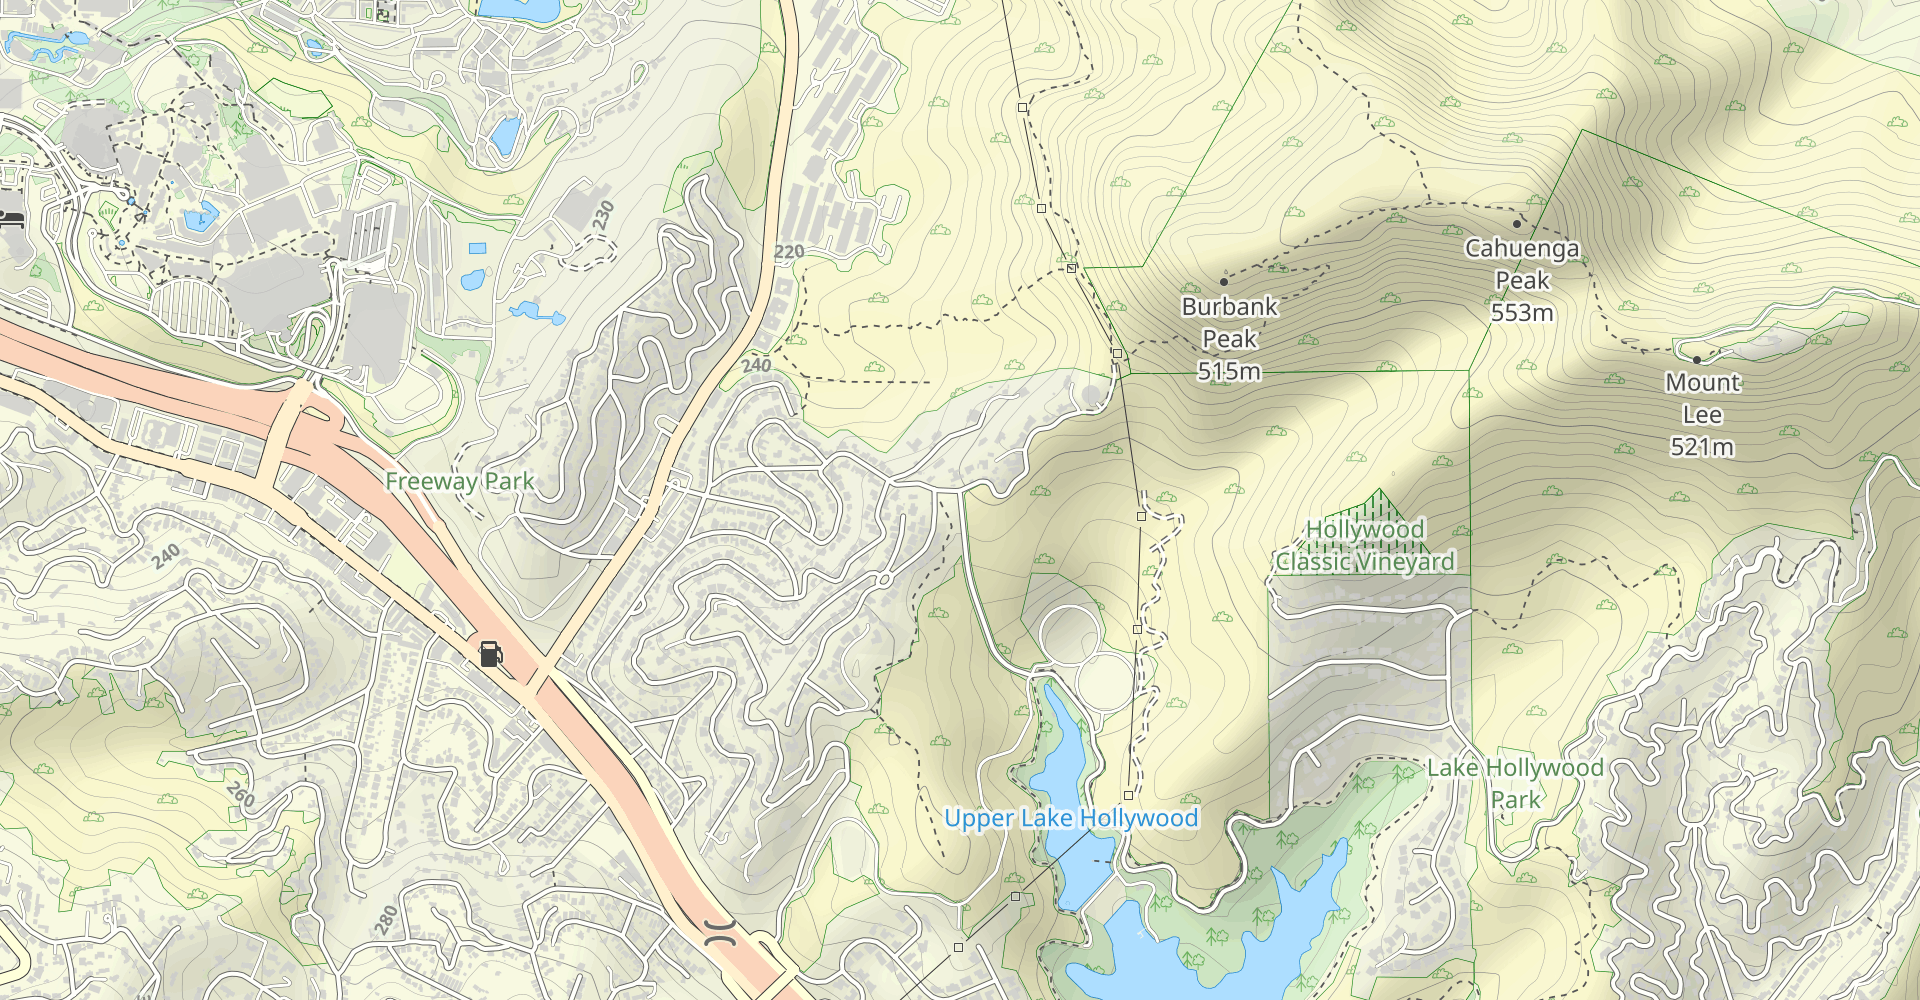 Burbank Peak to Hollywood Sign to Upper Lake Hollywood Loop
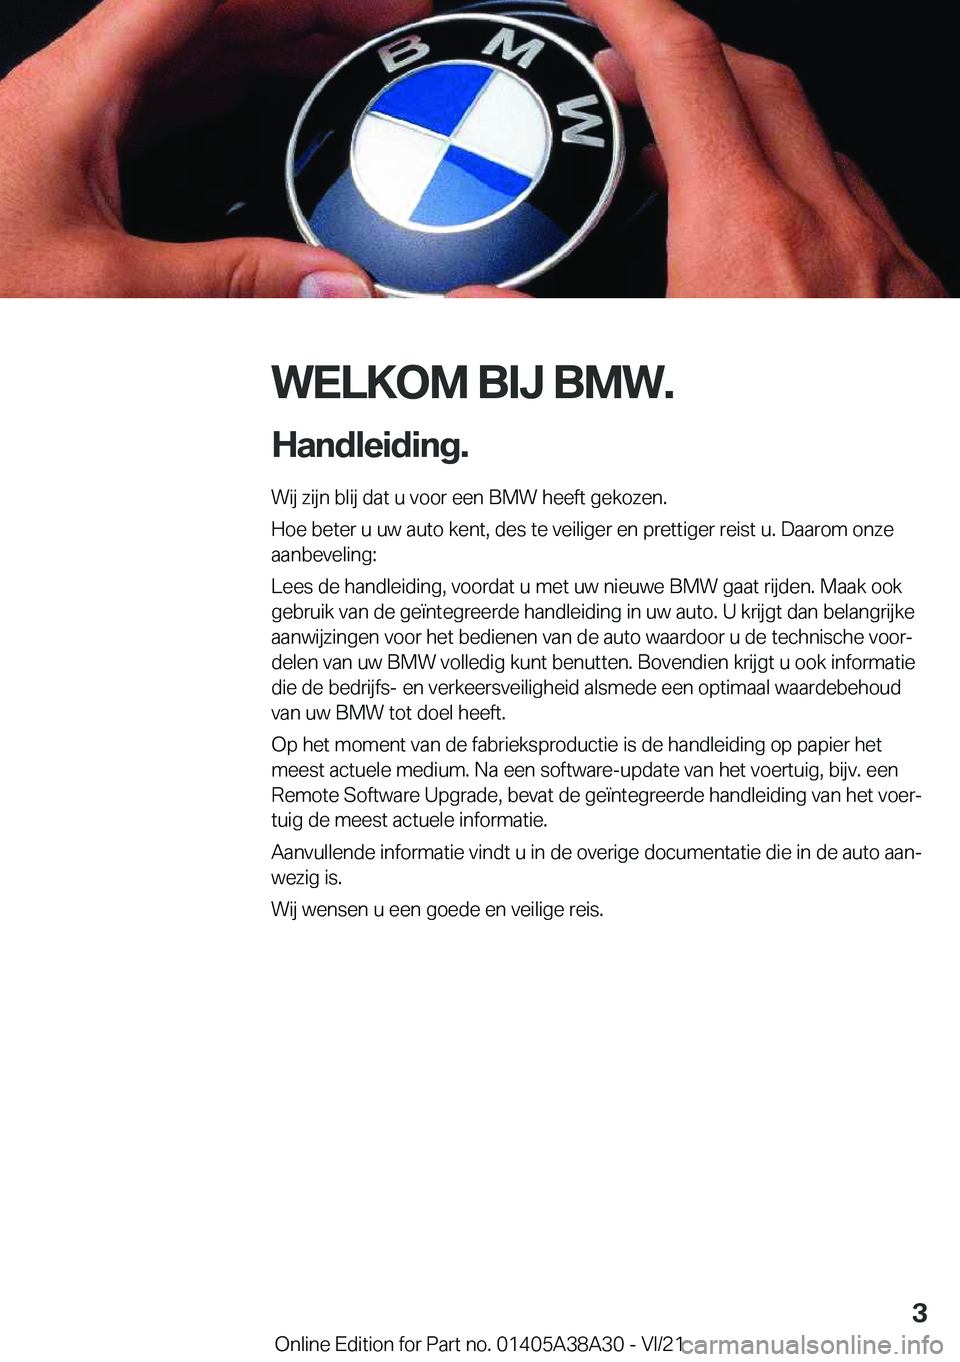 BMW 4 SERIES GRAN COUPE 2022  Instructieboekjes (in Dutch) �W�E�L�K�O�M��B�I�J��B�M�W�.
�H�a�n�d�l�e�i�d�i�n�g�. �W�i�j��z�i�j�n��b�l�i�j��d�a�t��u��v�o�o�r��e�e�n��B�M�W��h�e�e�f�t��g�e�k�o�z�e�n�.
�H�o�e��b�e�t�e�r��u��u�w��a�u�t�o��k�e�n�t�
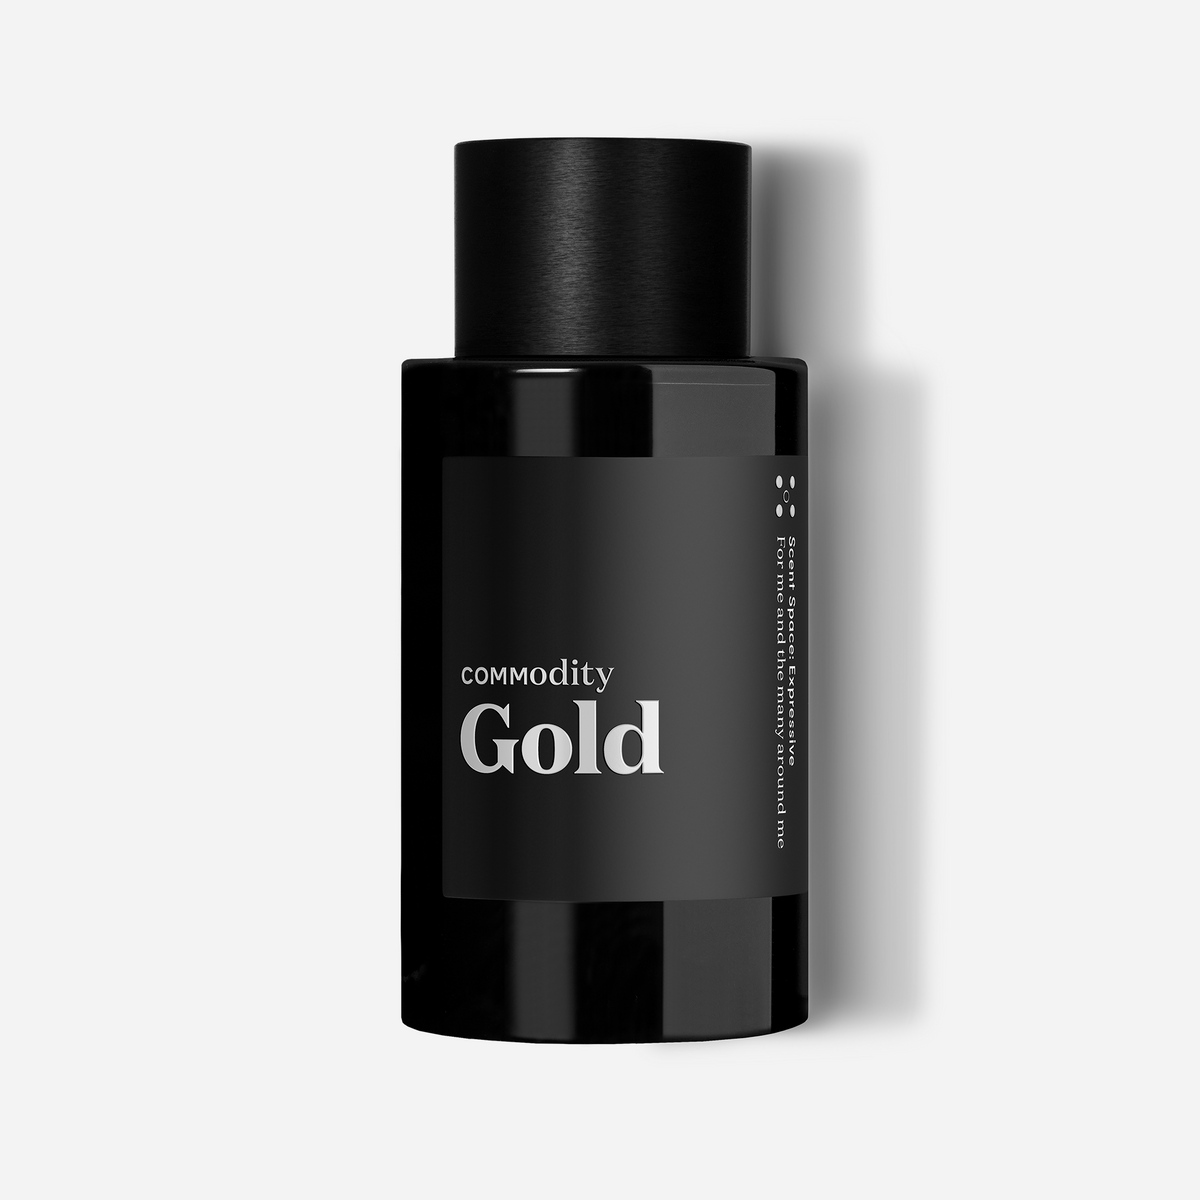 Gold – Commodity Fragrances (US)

....

__Work to complete__: What is needed here is an exact transcript of the data above, pictures excluded.

__Task output__:
 Burbank Peak to Hollywood Sign to Upper Lake Hollywood Loop
 BMW 4 SERIES GRAN COUPE 2022  Instructieboekjes (in Dutch) �W�E�L�K�O�M��B�I�J��B�M�W�.
�H�a�n�d�l�e�i�d�i�n�g�. �W�i�j��z�i�j�n��b�l�i�j��d�a�t��u��v�o�o�r��e�e�n��B�M�W��h�e�e�f�t��g�e�k�o�z�e�n�.
�H�o�e��b�e�t�e�r��u��u�w��a�u�t�o��k�e�n�t�
 Gold – Commodity Fragrances (US)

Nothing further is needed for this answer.